Colorado holds steady at the 20th spot on the Tax Foundation’s 2022 State Business Tax Climate Index. There’s been no movement in ranking from 2021 despite simplification efforts underway. Read more on how states compare.

By TaxOps  

Colorado, despite efforts to simplify its tax regime at the statehouse level, remains ranked 20th on this year’s 2022 State Business Tax Climate Index, released by the Tax Foundation. When it comes to corporate and individual taxes, Colorado ranks better than most states, but in the sales tax, property tax, and unemployment insurance tax categories, the state doesn’t do so well stacked up against other states.

Sales tax simplification efforts appear to have stalled out. Colorado fell in ranking by two spots for sales tax policy, despite the introduction of the Sales and Use Tax Systems (SUTS) in recent years. Complicating Colorado’s sales tax picture is home rule cities, which require their own licenses, rates and rules, and the state has yet to uncomplicate this process to reduce the burden on businesses.

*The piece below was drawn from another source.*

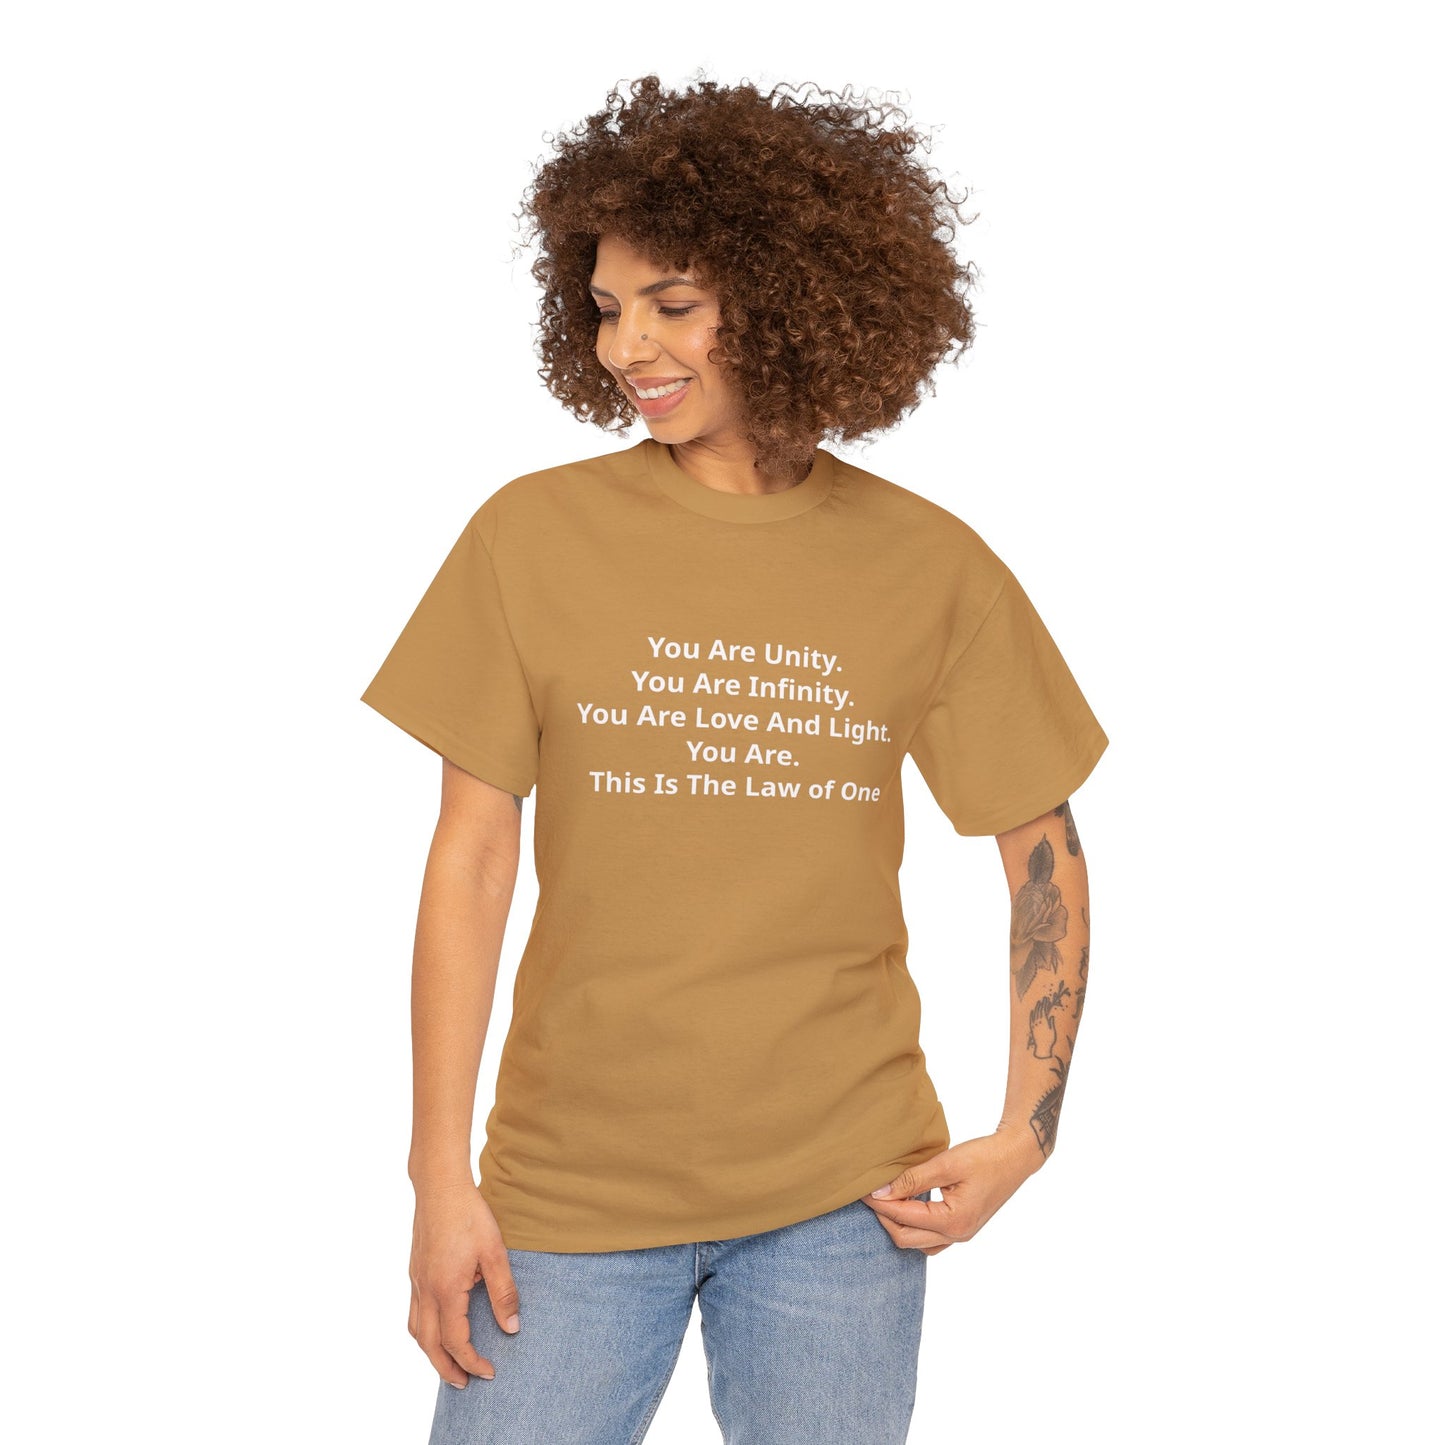 You Are Unity. You Are Infinity. You Are Love And Light. You Are. This Is The Law of One Cotton T-Shirt
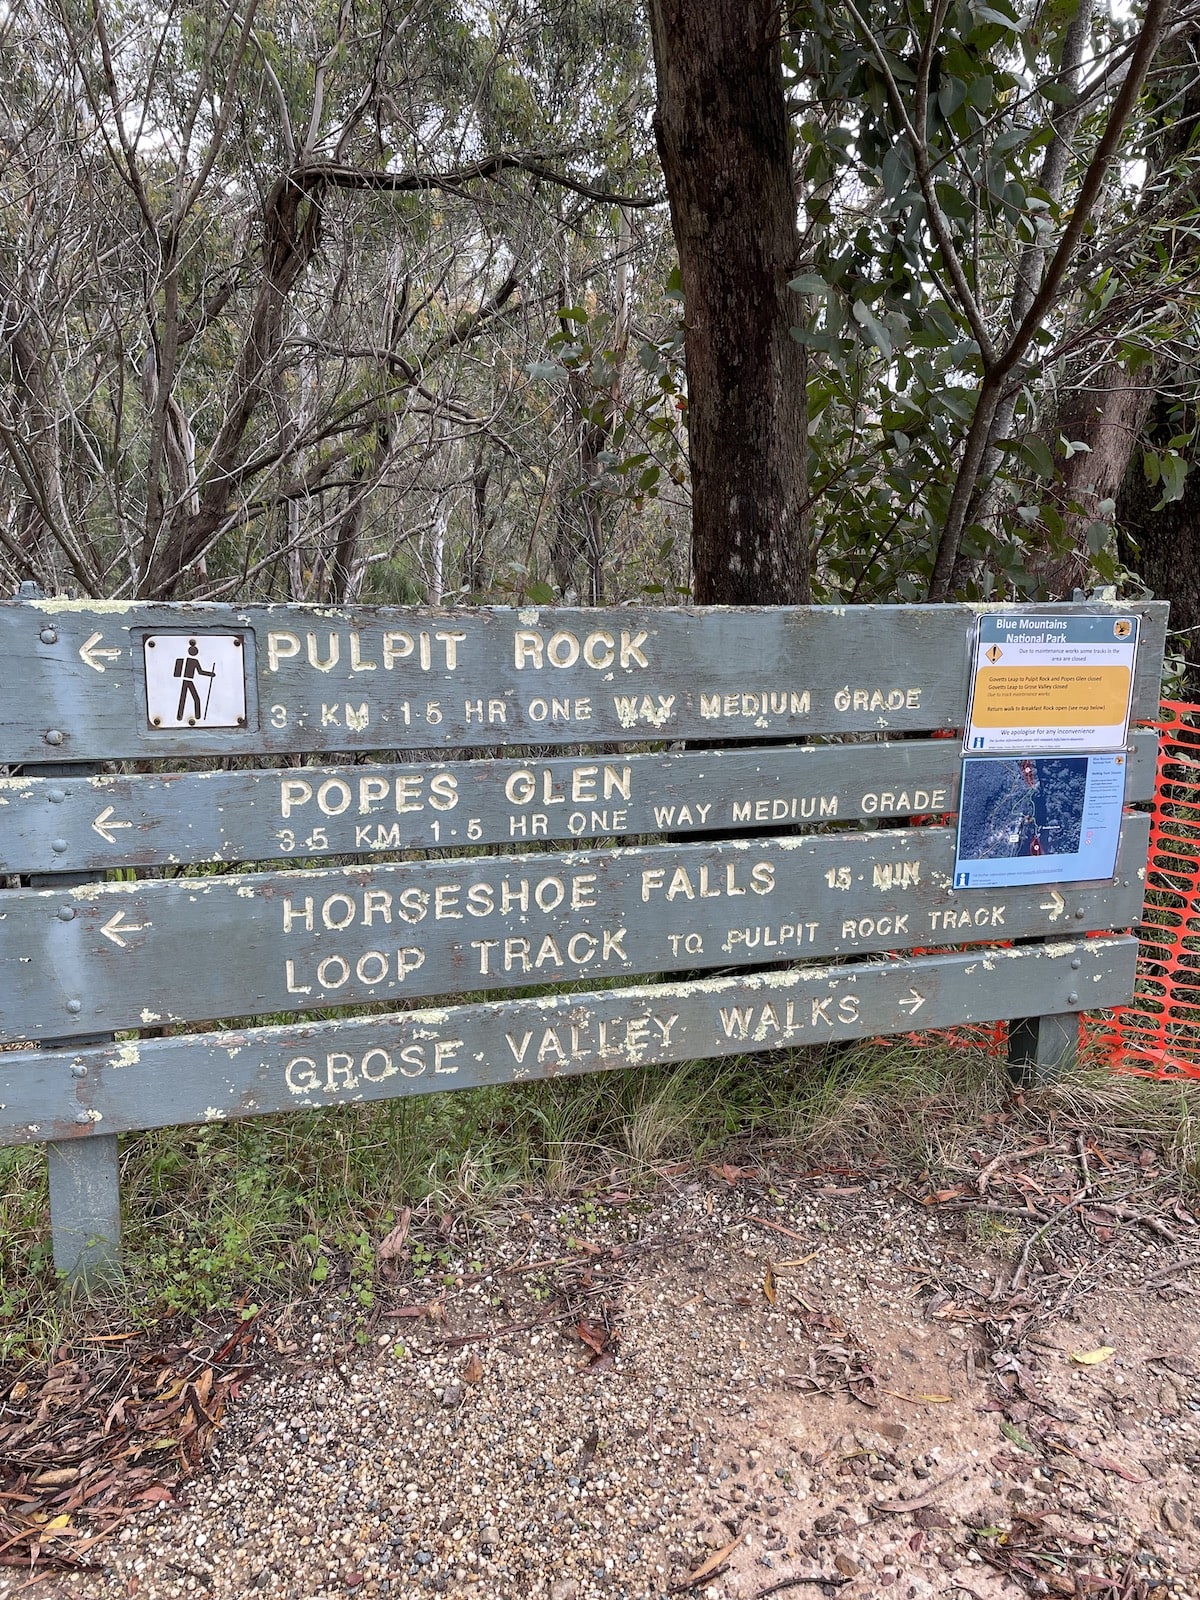 A wooden signpost showing some hiking trails, with a laminated card attached to part of the signpost, and some orange netting to the right, indicating that the area is undergoing maintenance.

Among neighboring states, Wyoming and Utah do tax better than Colorado, while Arizona, Kansas, Oklahoma, New Mexico and Nebraska fair worse when it comes to tax practices.

Map of United States with state rankings by color

The Index lists five states at the top, including Wyoming, South Dakota, Alaska, Florida, and Montana. Hovering at the bottom of the Index are the states of New Jersey, New York, California. Connecticut, and Maryland. The Tax Foundation states:

The absence of a major tax is a common factor among many of the top 10 states. Property taxes and unemployment insurance taxes are levied in every state, but there are several states that do without one or more of the major taxes: the corporate income tax, the individual income tax, or the sales tax. Nevada, South Dakota, and Wyoming have no corporate or individual income tax (though Nevada imposes gross receipts taxes); Alaska has no individual income or state-level sales tax; Florida and Tennessee have no individual income tax; and New Hampshire and Montana have no sales tax.